A relação entre algoz e vítima, em papéis invertidos durante a epopéia de Lore e seus irmãos, pouco importa. Nenhum deles se faz a pergunta crucial: Você é nazista? Você é judeu? Thomaz ajuda-a só por achar que são cinco crianças que precisam ser salvas, independente de sua tendência política ou etnia. Ele, acostumado à brutalidade nazista, aprendeu a sobreviver em meio ao extermínio. Não é herói, apenas não perdeu a humanidade perante o “mal absoluto”. Algo, porém, vicejou entre ele e Lore. É dele que ela irá se lembrar, em seu rito de passagem. A paixão ou o desejo não têm raça, etnia ou credo.

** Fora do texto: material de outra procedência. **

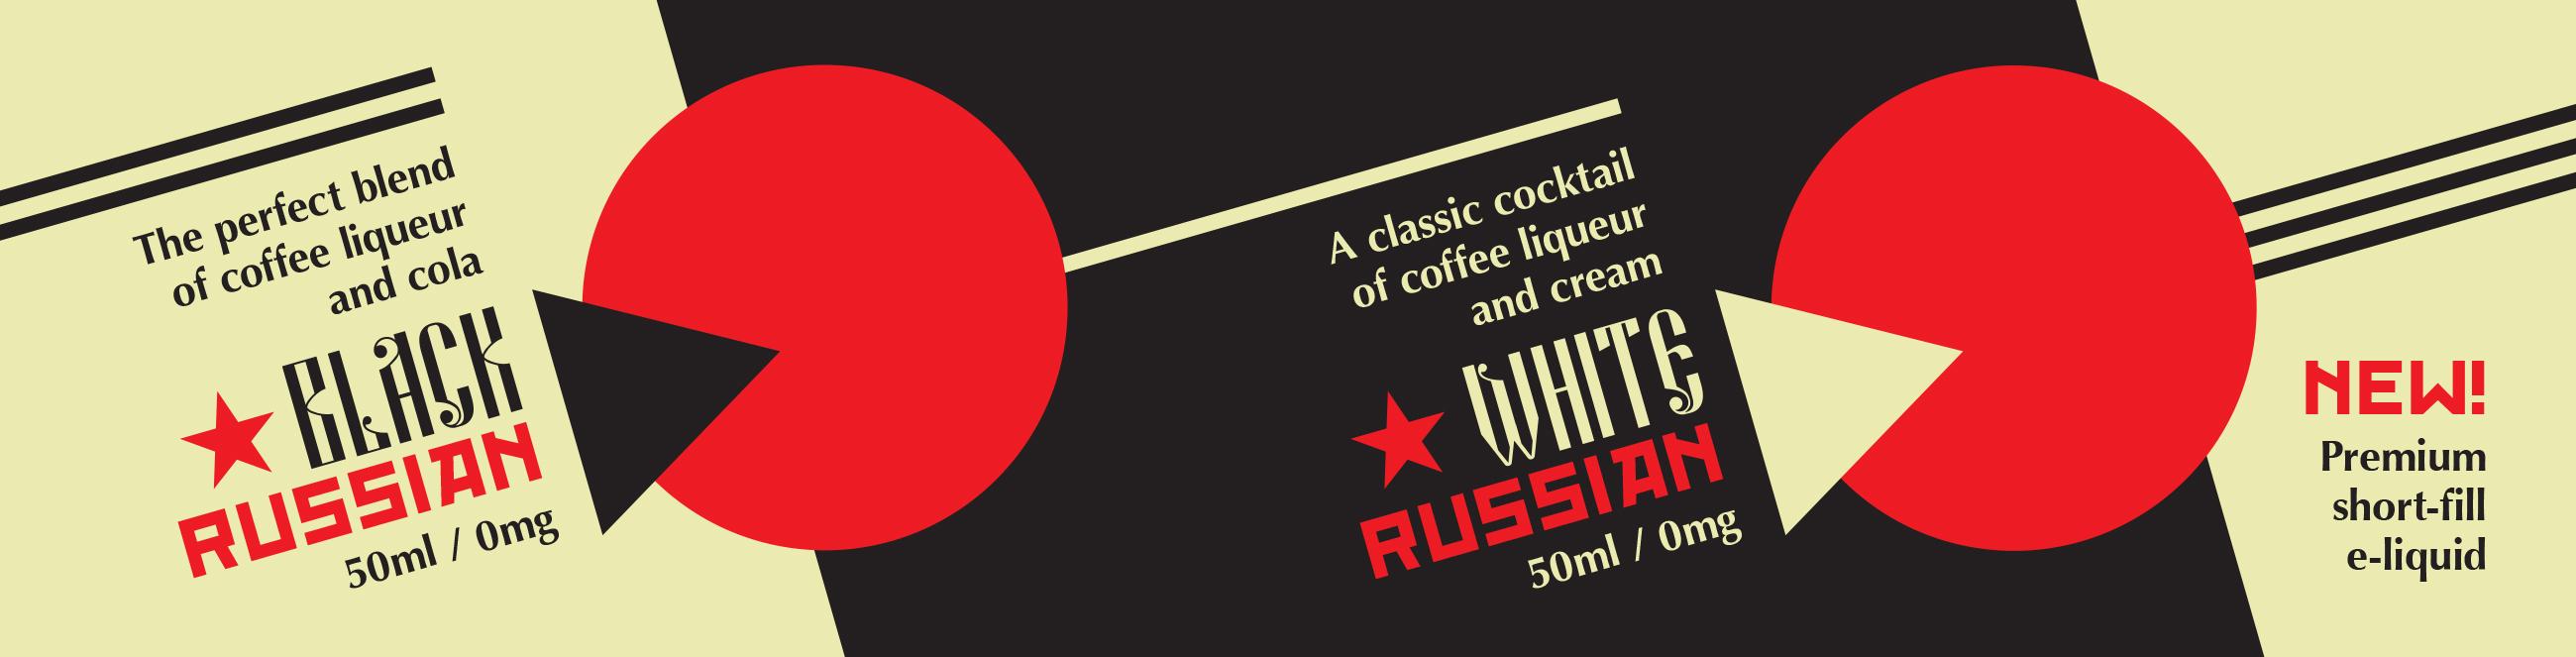 web-banner-russian-1.jpg

Shortlander passa ideia de inocência

Mesmo com estas implicações, Shortlander oscila entre definir Lore como nazista ou inocente útil. Suas convicções hitleristas ficam implícitas quando ela canta o hino hitlerista ou diz que a Alemanha continua unificada. Porém, em sua epopéia, ela mantém o ar inocente, de quem sofre, sem culpa. E adere à brutalidade primitiva pela via da sobrevivência. No entanto, esta ambiguidade centrada no saudosismo nazista da classe média alemã e a violência defensiva dos aliados passam a ideia de que a inocência inexiste. E Shortlander e Seiffert talvez quisessem dizer: a guerra não comporta pacifismo.

O apoio dado pela classe média alemã ao nazismo continua sendo tabu. O mesmo se dá com a dispersão das elites e oficiais alemães, pós-derrocada do regime nazista. As abordagens cinematográficas continuam sendo superficiais. Muitos sobreviventes do nazismo, como os da Ditadura Militar brasileira (1964/1985), continuam vivos, influentes e intocáveis. Filmes, por mais que se queira dividi-los em comerciais e autorais, sempre espelham a visão político-ideológica de quem os escreve, os produz e os dirige. Nenhum deles escapa às contradições do sistema e da época em que se vive.

“Lore”. (“Lore”). Drama. Alemanha/Austrália/Reino Unido. 2012. 109 minutos. Música: Max Richter. Montagem: Veronika Jenet. Fotografia: Adam Arkapaw. Roteiro: Cate Shortlander/Robin Mukherjee, baseado em “The Dark Room”, de Rachel Seiffert. Direção: Cate Shortlander. Elenco: Sakia Rosendahl, Kai Malina, Nele Trebs, André Frid, Ursina Lardi.